Primarily invest in growth-oriented assets, such as equity
Investment in growth-oriented funds require a medium to long-term investment horizon.
Historically, Equity as an asset class has outperformed most other kind of investments held over the long term. However, returns from Growth funds tend to be volatile over the short-term since the prices of the underlying equity shares may change.
Hence investors must be able to take volatility in the returns in the short-term.
The objective of Income Funds is to provide regular and steady income to investors.
Income funds invest in fixed income securities such as Corporate Bonds, Debentures and Government securities.

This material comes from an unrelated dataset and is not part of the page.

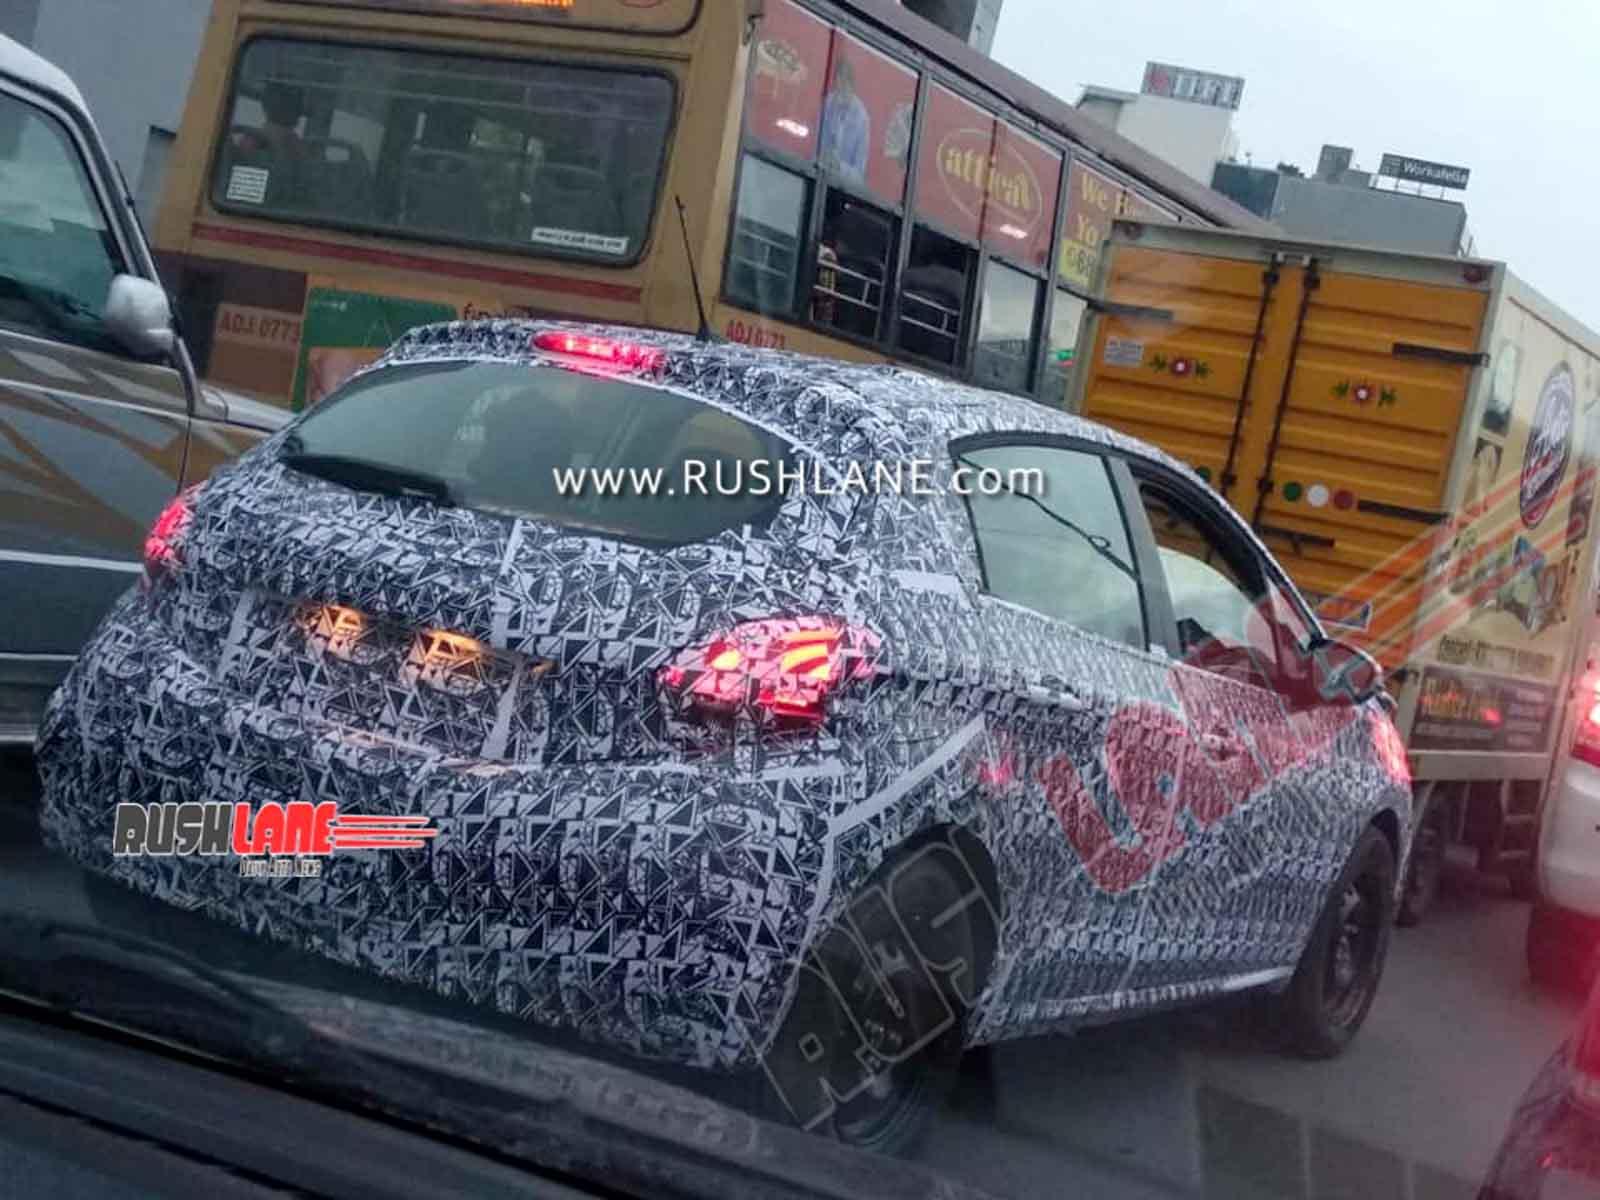 Peugeot 208 spied India
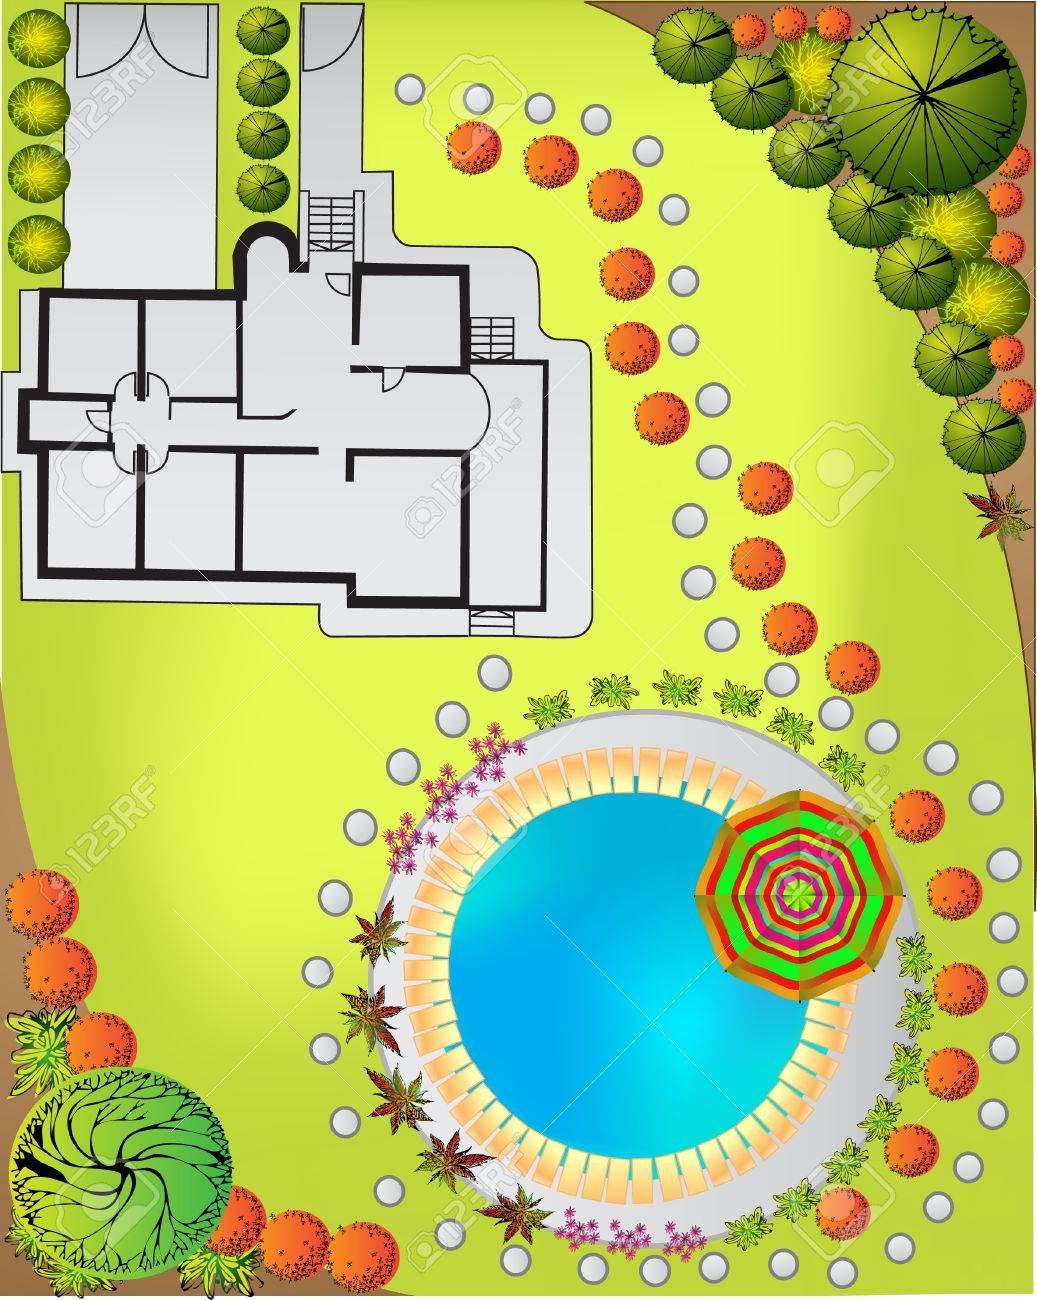 Colored Plan of garden decorative plants Stock Vector - 10068670

The fund’s return is from the interest income earned on these investments as well as capital gains from any change in the value of the securities.
The fund will distribute the income provided the portfolio generates the required returns. There is no guarantee of income.
The returns will depend upon the tenor and credit quality of the securities held.
LIQUID / OVERNIGHT /MONEY MARKET MUTUAL FUNDS:
Liquid Schemes, Overnight Funds and Money market mutual fund are investment options for investors seeking liquidity and principal protection, with commensurate returns.
– The funds invest in money market instruments* with maturities not exceeding 91 days.
– The return from the funds will depend upon the short-term interest rate prevalent in the market.
These are ideal for investors who wish to park their surplus funds for short periods.
– Investors who use these funds for longer holding periods may be sacrificing better returns possible from products suitable for a longer holding period.
* Money Market Instruments includes commercial papers, commercial bills, treasury bills, Government securities having an unexpired maturity up to one year, call or notice money, certificate of deposit, usance bills, and any other like instruments as specified by the Reserve Bank of India from time to time.
CLASSIFICATION BY INVESTMENT PORTFOLIO
Mutual fund products can be classified based on their underlying portfolio composition
– The first level of categorization will be based on the asset class the fund invests in, such as equity / debt / money market instruments or gold.
– The second level of categorization is based on strategies and styles used to create the portfolio, such as, Income fund, Dynamic Bond Fund, Infrastructure fund, Large-cap/Mid-cap/Small-cap Equity fund, Value fund, etc.
– The portfolio composition flows out of the investment objectives of the scheme.